Clyde Littlefield

Biographical details
- Born: October 6, 1892 Oil City, Pennsylvania, U.S.
- Died: May 20, 1981 (aged 88) Austin, Texas, U.S.

Playing career

Football
- 1912–1915: Texas

Coaching career (HC unless noted)

Football
- 1920–1926: Texas (assistant)
- 1927–1933: Texas
- 1936–1942: Texas (assistant)
- 1945–1948: Texas (assistant)

Track
- 1920–1961: Texas

Head coaching record
- Overall: 44–18–6 (football)

Accomplishments and honors

Championships
- Football 2 SWC (1928, 1930) Track & Field 25 SWC (1923–1927, 1932–1937, 1940, 1941, 1942, 1944, 1945, 1946, 1950, 1954–1959, 1961)

= Clyde Littlefield =

American sports coach

Clyde Littlefield (October 6, 1892 – May 20, 1981) was an American sports and athletics coach. The head track and field coach at The University of Texas from 1920 to 1961 as well as its football coach from 1927 to 1933. In his 41 years at Texas, his athletic teams won 25 Southwest Conference championships and in football the Longhorns had a 44–18–6 record and won two Southwest Conference championships. He was also on the US coaching staff at the 1952 Summer Olympics in Helsinki.

==Early life and education==
Littlefield was born in Oil City, Pennsylvania, and raised in Sistersville, West Virginia, and Southeast Texas, where he graduated from South Park High School in Beaumont. He then attended Peacock Military Academy in San Antonio and Marshall Training School, and from 1912 to 1916 was a student at the University of Texas, where he earned twelve letters, in football, basketball, and track.

==Coaching career==
Littlefield was head football coach at Greenville High School in Greenville for four years, and then in 1920 returned to the University of Texas as head track coach, freshman football coach, freshman basketball coach, and instructor in physical training. He remained there until 1961, winning 25 Southwest conference championships in track, and also serving as head football coach from 1927 to 1933, during which time the university won two Southwest Conference championships. He served as an instructor of an officers' training corps during World War I and was on the United States track and field coaching staff at the 1952 Helsinki Olympics.

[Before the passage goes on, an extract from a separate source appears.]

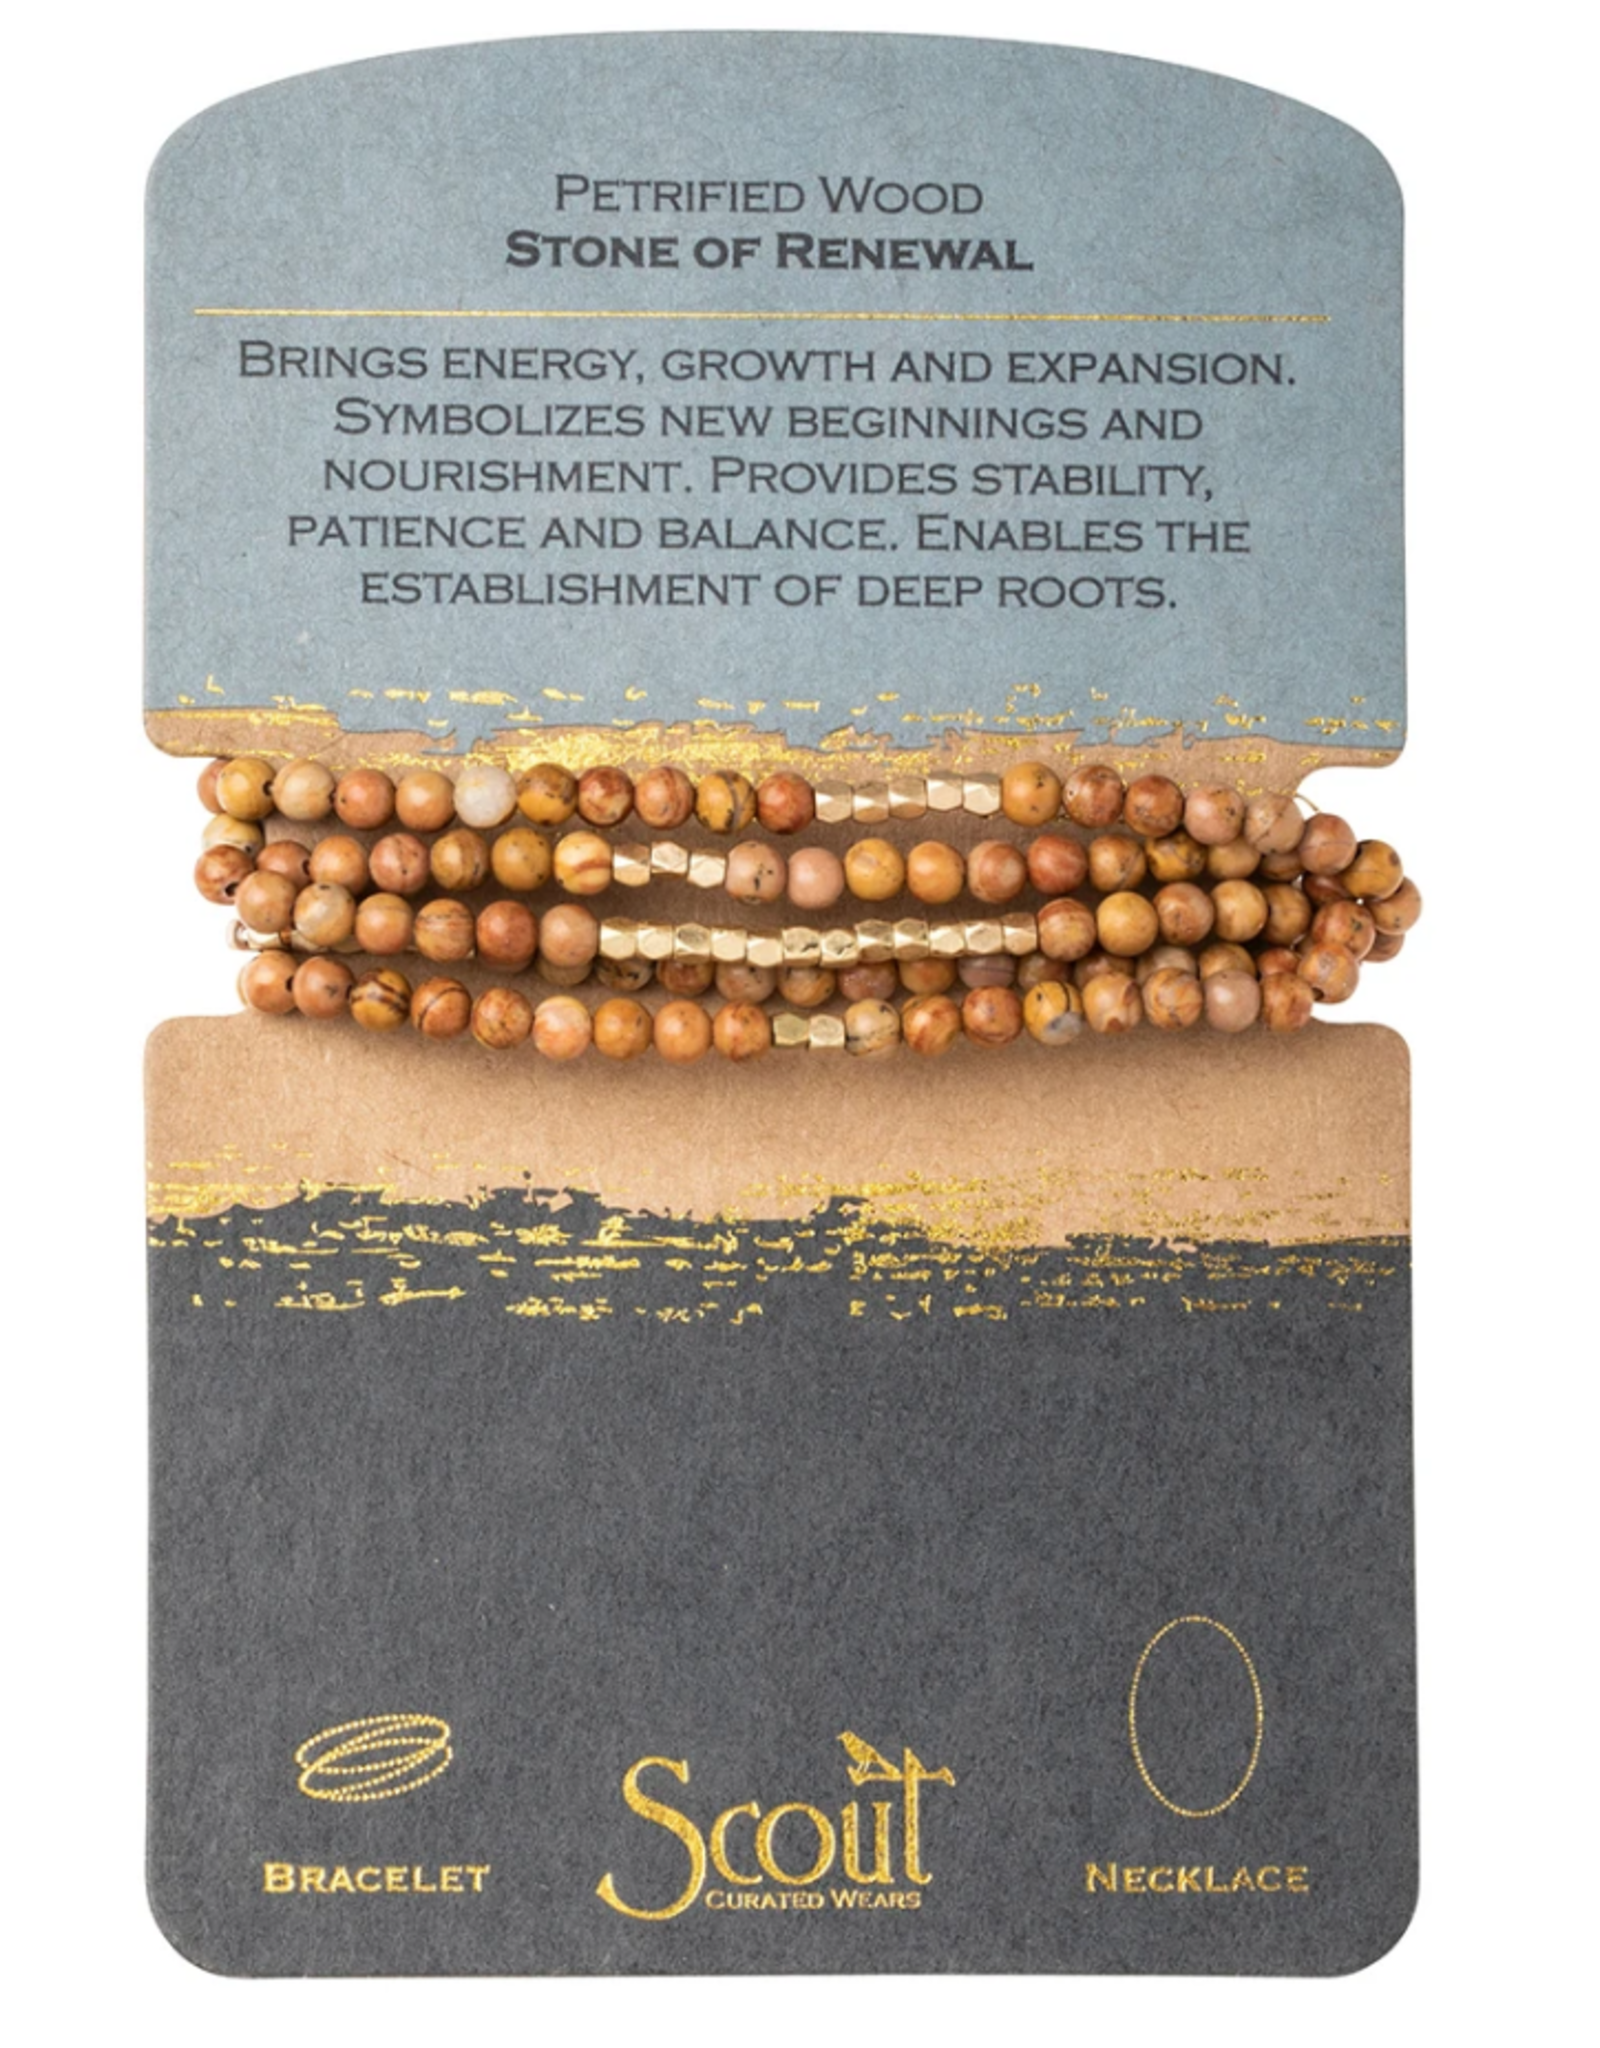 Bracelet Necklace Stone of Renewal Petrified Wood

He served for many years on the NCAA track and field rules committee and was president of the NCAA Track Coaches Association.

==Honors==
Littlefield was awarded the Amos Alonzo Stagg Award and was inducted into the Longhorn Hall of Honor at the University of Texas, the Helms Foundation Hall of Fame, the Texas Sports Hall of Fame, and the National Track and Field Hall of Fame. The University of Texas has a plaque in his honor and named a graduate fellowship for him in 1963.

The Texas Relays, which he co-founded in 1925, were named the Clyde Littlefield Texas Relays in his honor.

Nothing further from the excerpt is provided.